These reasons, then, or something like them, led Philo, along with other mitigated skeptics, to the formal position that, while nothing could be known (as shown by the Academic arguments against the possibility of cognitive impressions), it is nevertheless rational to assent under certain conditions, i.e. to hold beliefs based on reasons (Cicero Ac. 2.78). The mitigated skeptics retained the Stoic characterization of such beliefs as ‘opinions’ to mark the fact that, despite the rational grounds they had for holding them, they were just rational beliefs — i.e. they did not amount to ‘cognitions’ or knowledge (Cicero Ac. 2.148). But they also distinguished rational opinions of this sort from the general Stoic category of opinion as any assent to a non-cognitive impression (and hence as always bad), by qualifying their assent to them as ‘measured’ or ‘virtual’ — that is, as provisional on their avowedly inconclusive evidence, rather than as a straightforward commitment to their truth. (See the anonymous Introduction to Plato chs. 7 & 10 and Gellius Attic Nights 11.5.8. Sextus mis-ascribes this view to Clitomachus in PH 1.226 & 1.229–30.)

The significant difference between this position and radical skepticism is clear from the principal example of a mitgatedly skeptical ‘opinion’ that we have: the thesis that nothing can be known (see e.g. Cicero Ac. 2.148, Gellius Attic Nights 11.5.8, Galen On the Best Method for Teaching ch. 1). The mitigated skeptics evidently believed this thesis directly on the basis of the Academic arguments considered in section 3.1 above. But this means that, despite their rejection of the existence of cognitive impressions and their new principle of rationality, their skepticism was heavily parasitic on Stoic epistemology: they accepted a dogmatic epistemological framework, including the Stoic theory of impressions, Stoic empiricism, the Stoic conception of knowledge, and so on. One does not need to see this as a weakness to notice that the ties between mitigated skepticism and its dogmatic framework render it liable to redundancy, in a way radical skepticism is not, if the philosophical conception of knowledge itself changes. (Early modern skepticism has perhaps suffered this fate as the Cartesian framework it was parasitic on fades.)

3.4 Fallibilism

Philo's motivation for his final shift away from skepticism in the Roman Books can be seen, at least in part, from the criticisms directed at him by his ex-student Antiochus before their publication in 88/7 BC. These criticisms point to a kind of instability inherent in mitigated skepticism: it seems to waver unhealthily between a dogmatic position allowing for something approaching certainty about some questions and a radical skepticism about our ability to make any epistemic progress. More specifically, it suggests that we can take persuasive impressions as evidence for the truth that is firm enough to warrant assent — thus allowing for a life guided by reasoned belief, and even ethical teaching — while simultaneously maintaining that even the most perfect rational consideration of the evidence is compatible with wholesale error. (See the argument in Cicero Ac. 2.111, addressed explicitly to Philo prior to his Roman view, and its elaboration in Ac. 2.34–6 & 2.43–44. These Antiochian criticisms are echoed almost verbatim by Aenesidemus in Photius Library 212 170a 14–38.)

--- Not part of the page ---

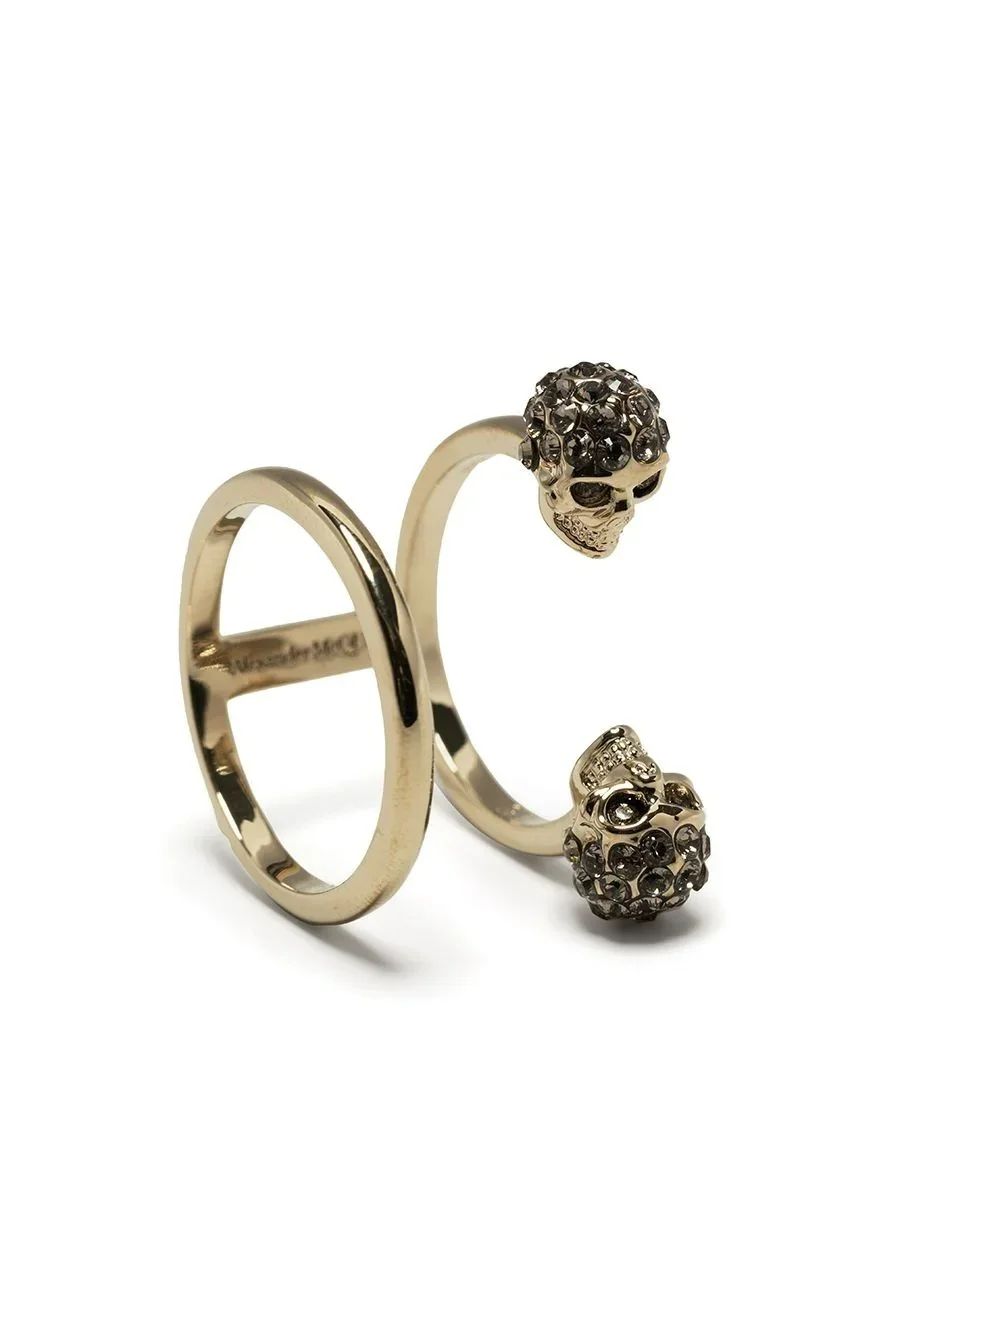 Alexander McQueen Double Skull Ring | Cettire Global
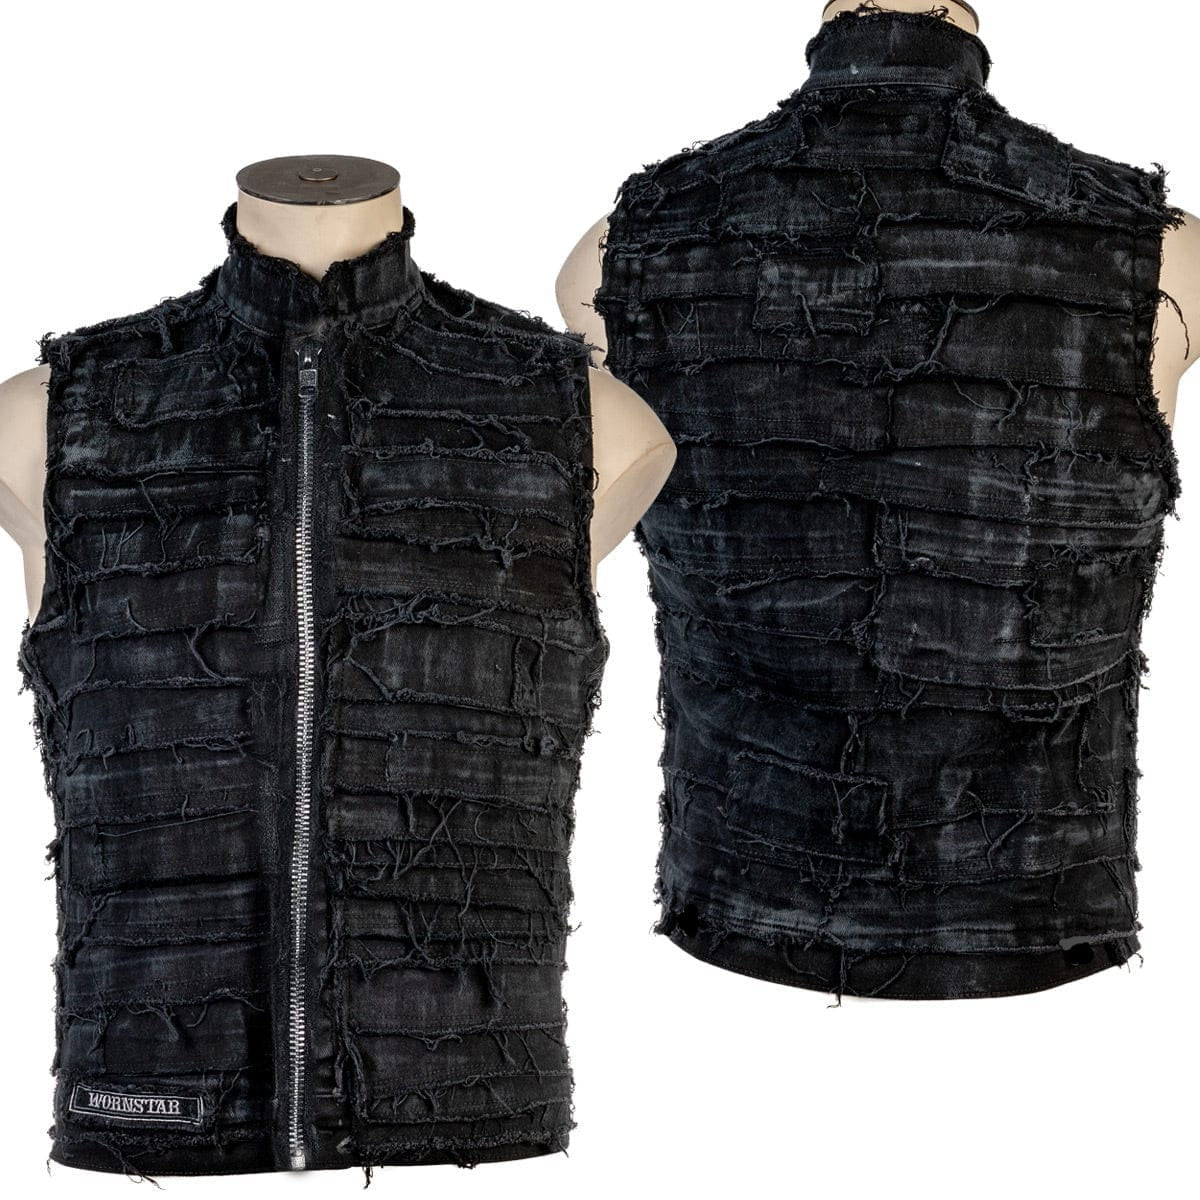 Custom Chop Shop Jacket Wornstar Custom Handmade - Vest - Scars and Stripes - Link

The outlines of Philo's response to this problem in the Roman Books are fairly clear from the direct evidence we have for their epistemological innovations (Cicero Ac. 2.18 and Sextus PH 1.235). He argued, first, that the Stoic definition of the cognitive impression ruled out the possibility of anything being known — i.e. he restated the standard Academic arguments to this effect — and, secondly, that this definition was therefore misconceived, since at least some things could be known. His elucidation of the second claim is unfortunately not explicit in the surviving evidence. But its criticism by Antiochus (the context for Cicero's report) very strongly suggests that Philo offered an alternative and weaker definition of knowledge of single propositions. For Antiochus both characterizes Philo's innovations as an attempt to redefine ‘cognition’ (Ac. 2.17 & 2.18 fin.) and attempts to refute them by arguing that an impression that does not meet the condition given in the third clause of the Stoic definition (see section 3.1 above) cannot be ‘cognitive’. Philo's new definition thus amounted to something like the Stoic definition minus its third clause (the clause the Academics had always disputed). If so, Philo claimed that an impression is cognitive if it is both [a] true and [b] caused in the appropriate way for correctly representing its object — without adding the disputed Stoic rider [c], that its truth is warranted by the inimitable richness and detail of representation guaranteed by its causal history.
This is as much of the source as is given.